Copy the data exactly. Images are to be left out.

(Source data begins)

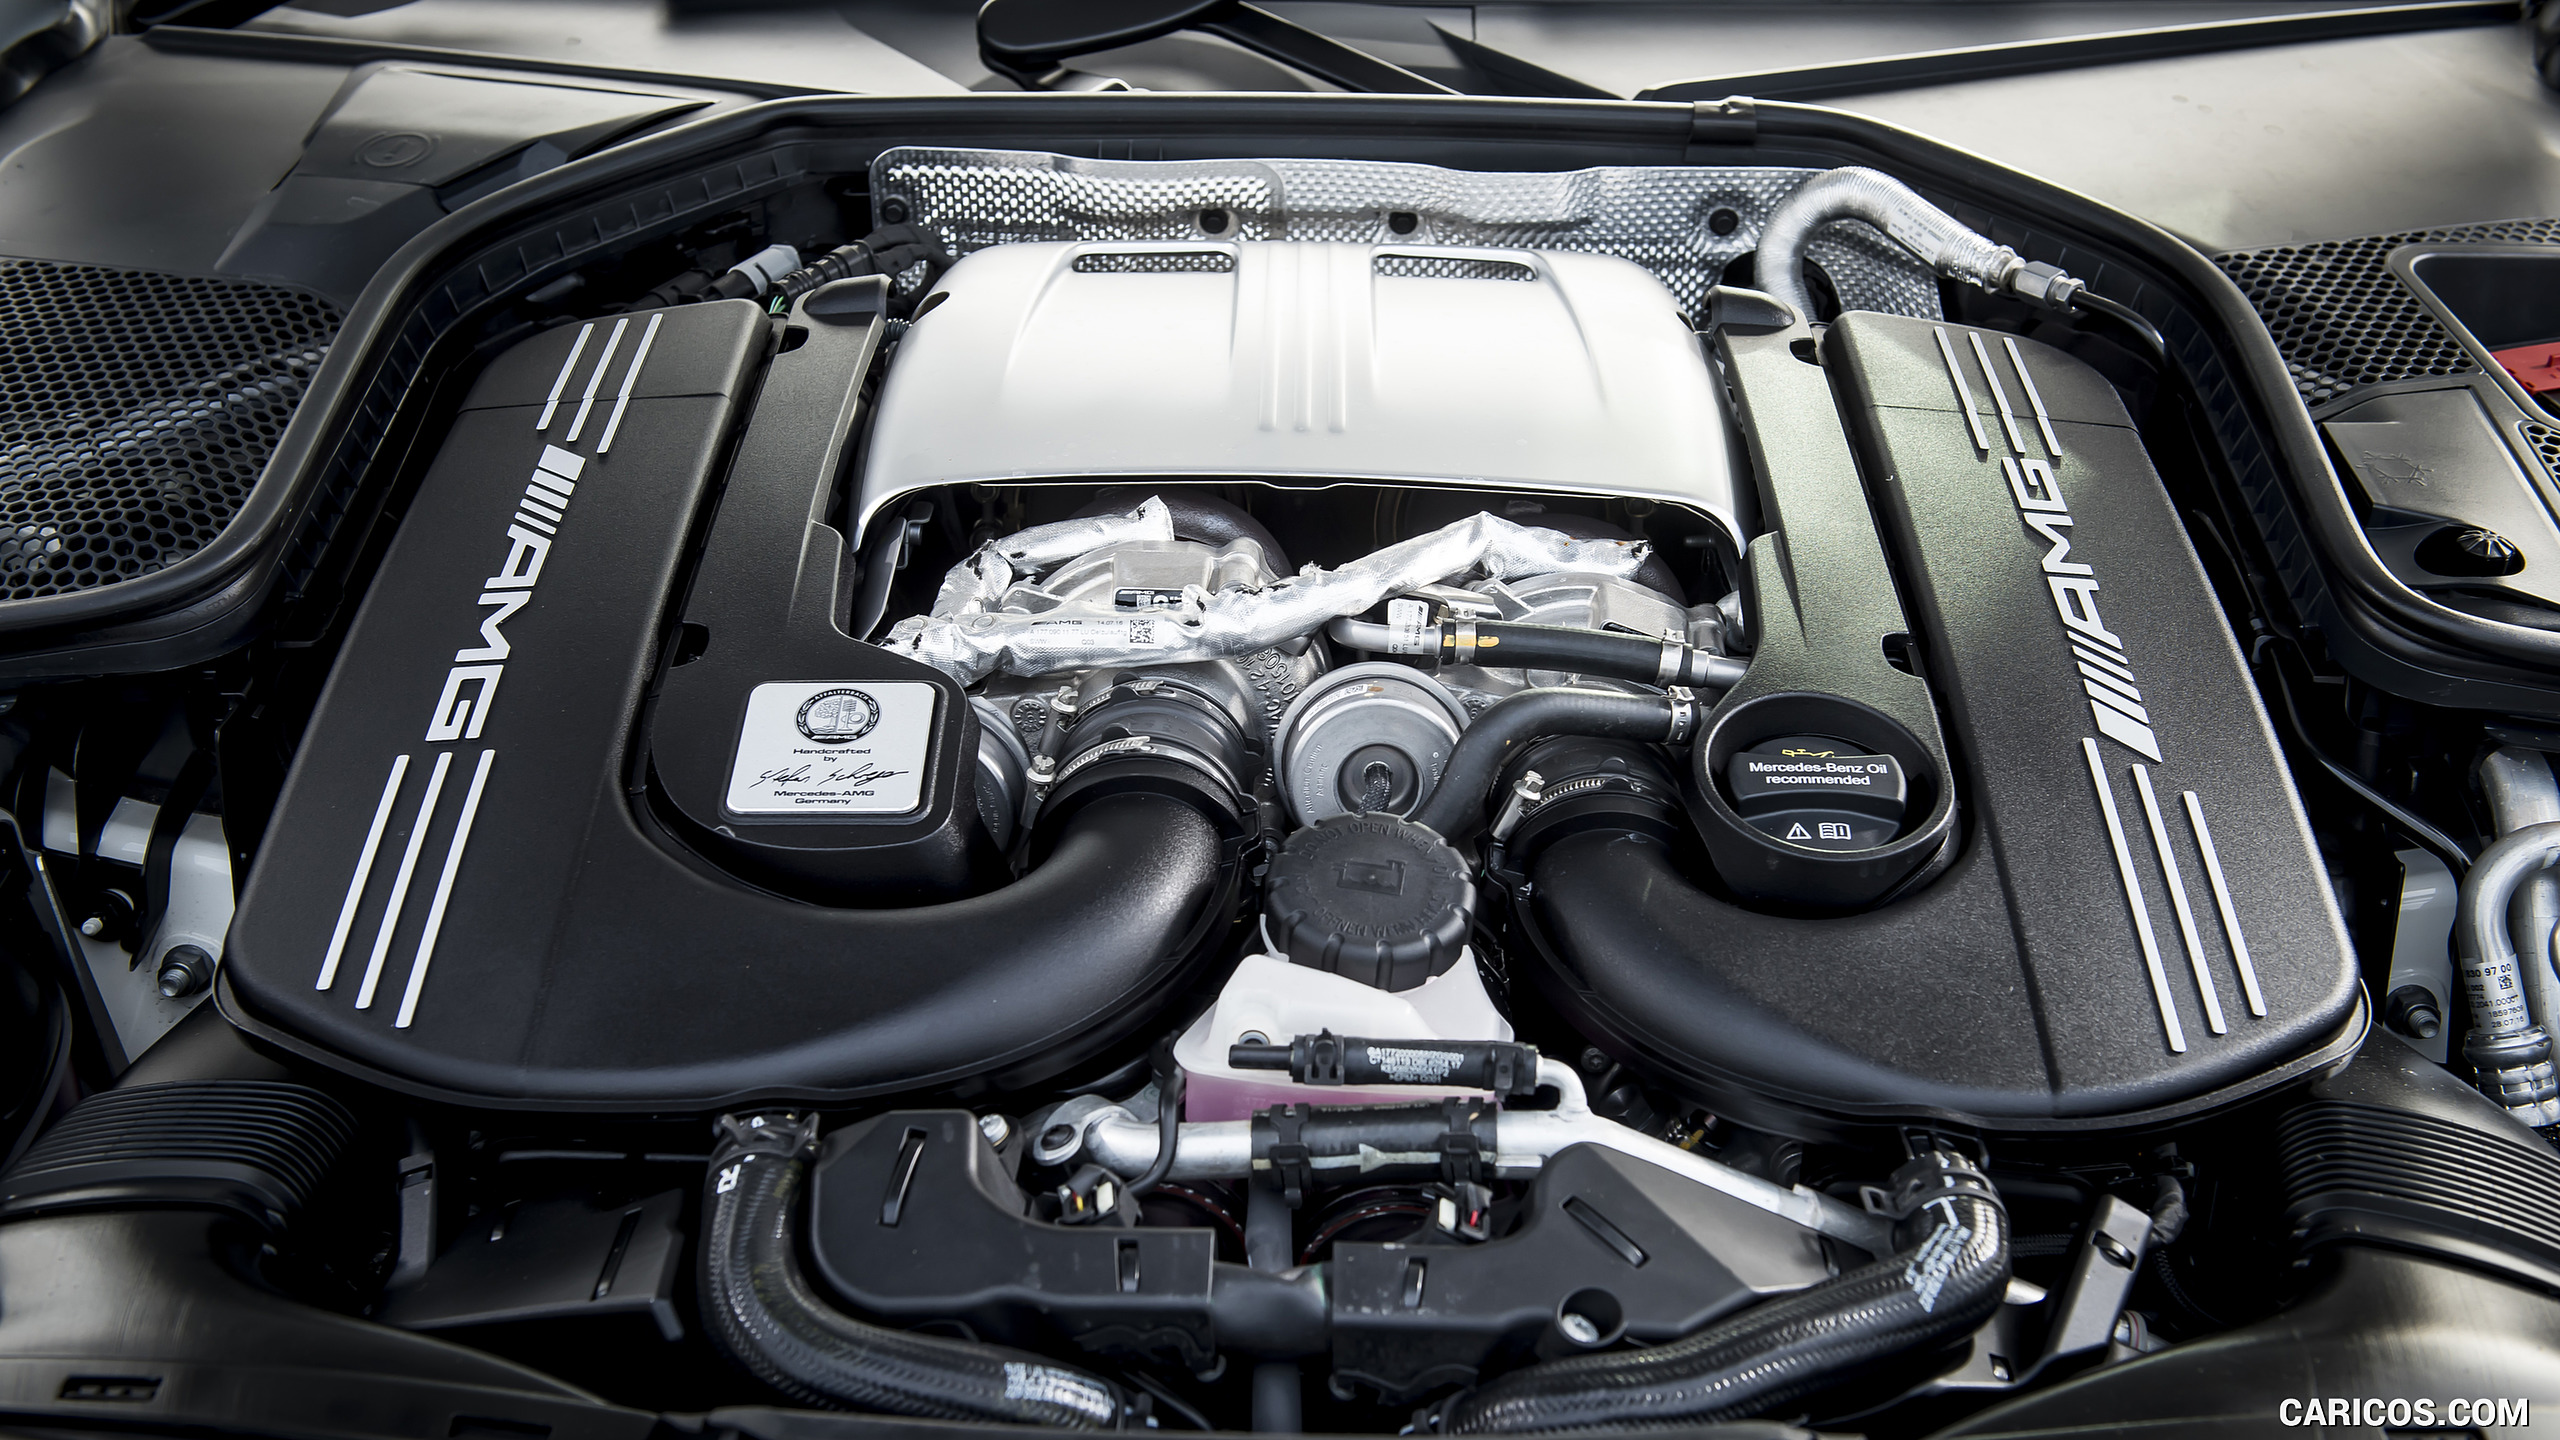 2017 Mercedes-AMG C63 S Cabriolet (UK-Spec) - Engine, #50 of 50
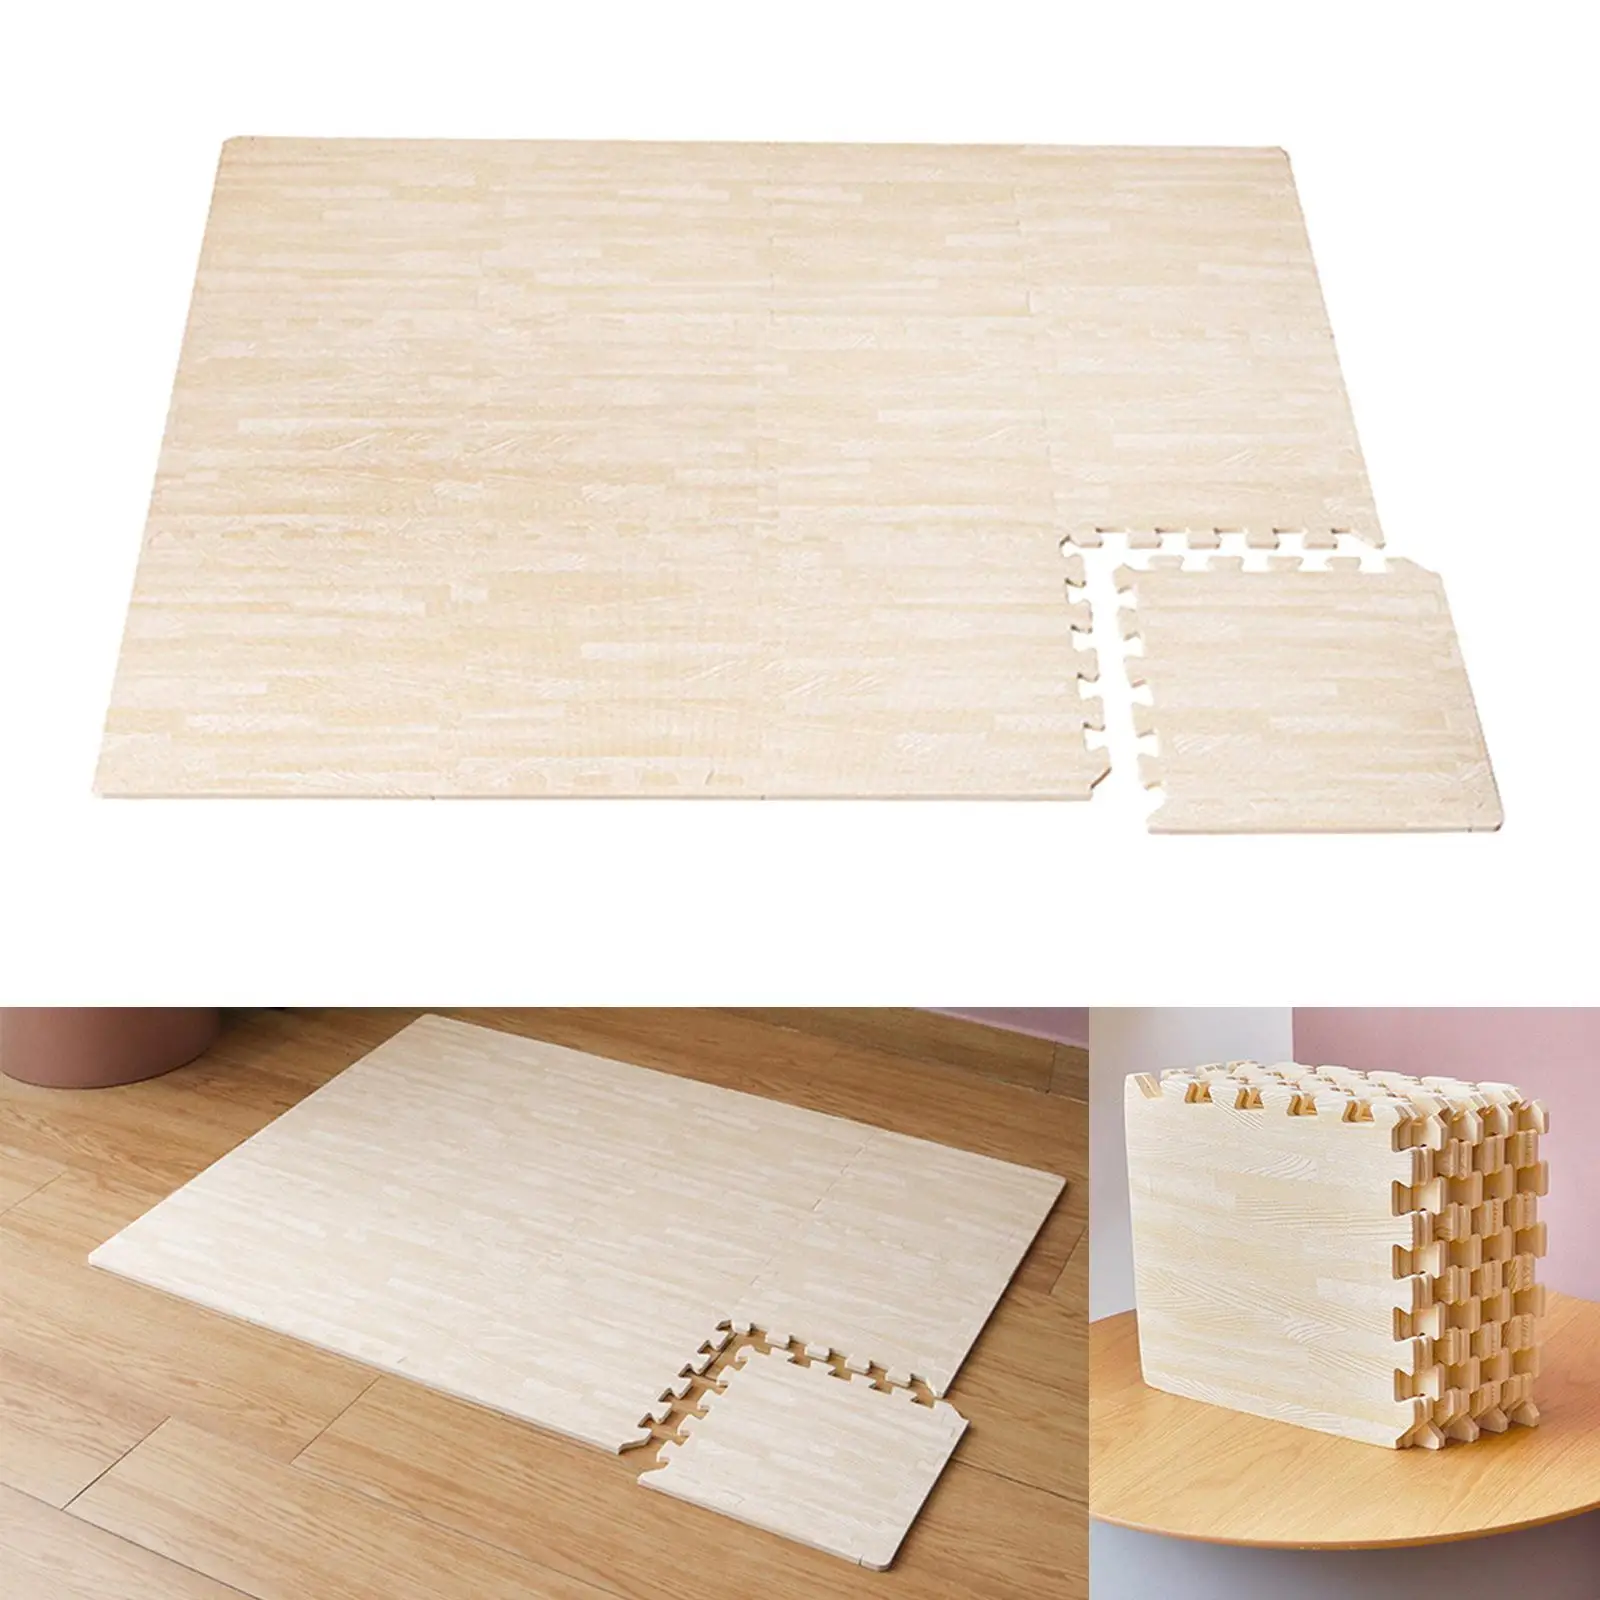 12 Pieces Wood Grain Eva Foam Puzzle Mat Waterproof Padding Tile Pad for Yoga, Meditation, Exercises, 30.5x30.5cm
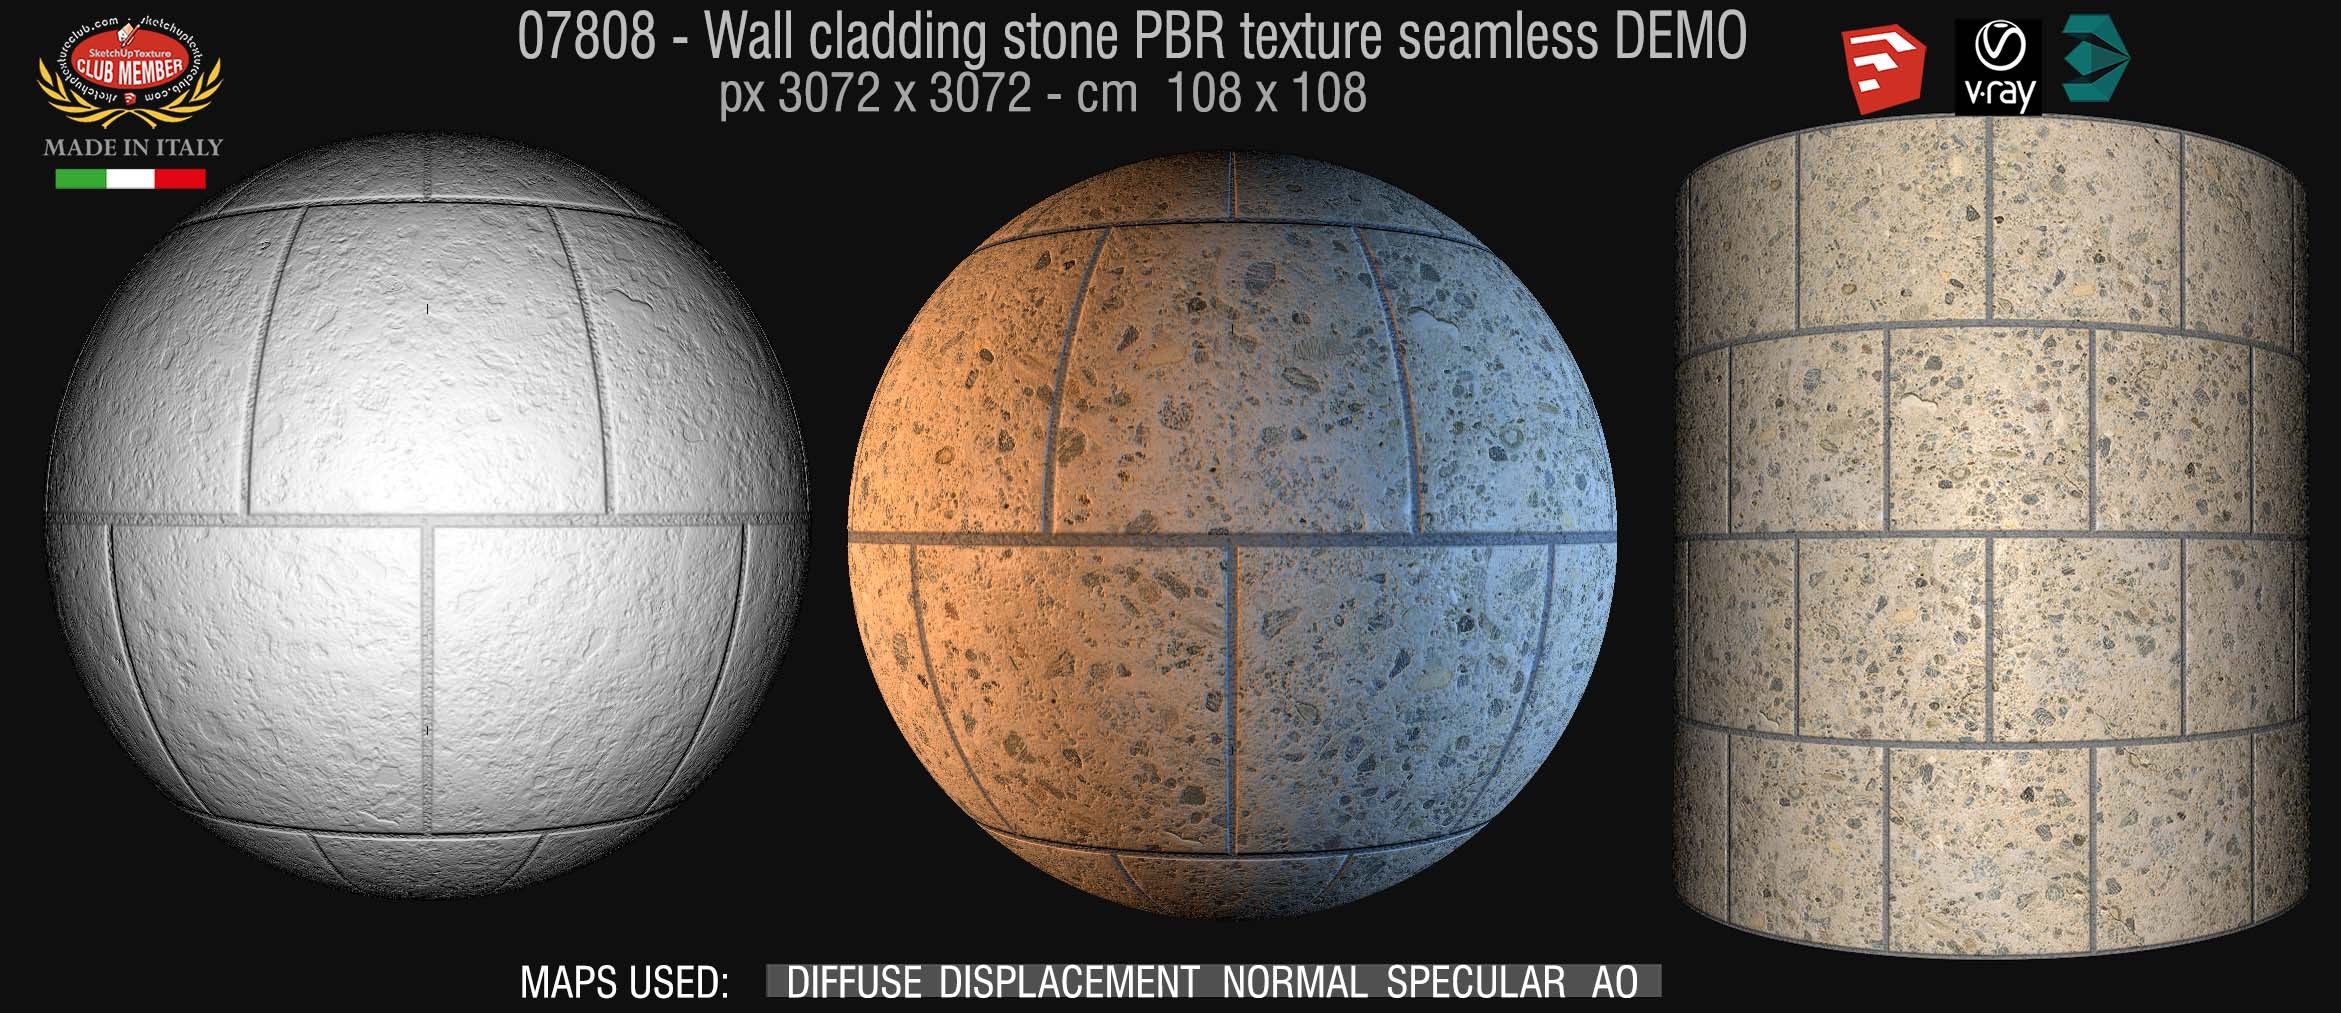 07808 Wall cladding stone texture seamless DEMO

(Source data ends)

▶ _Answer section_:
 2017 Mercedes-AMG C63 S Cabriolet (UK-Spec) - Engine, #50 of 50
 12 Pieces Wood Grain Eva Foam Puzzle Mat Waterproof Padding Tile Pad for Yoga, Meditation, Exercises, 30.5x30.5cm
 07808 Wall cladding stone texture seamless DEMO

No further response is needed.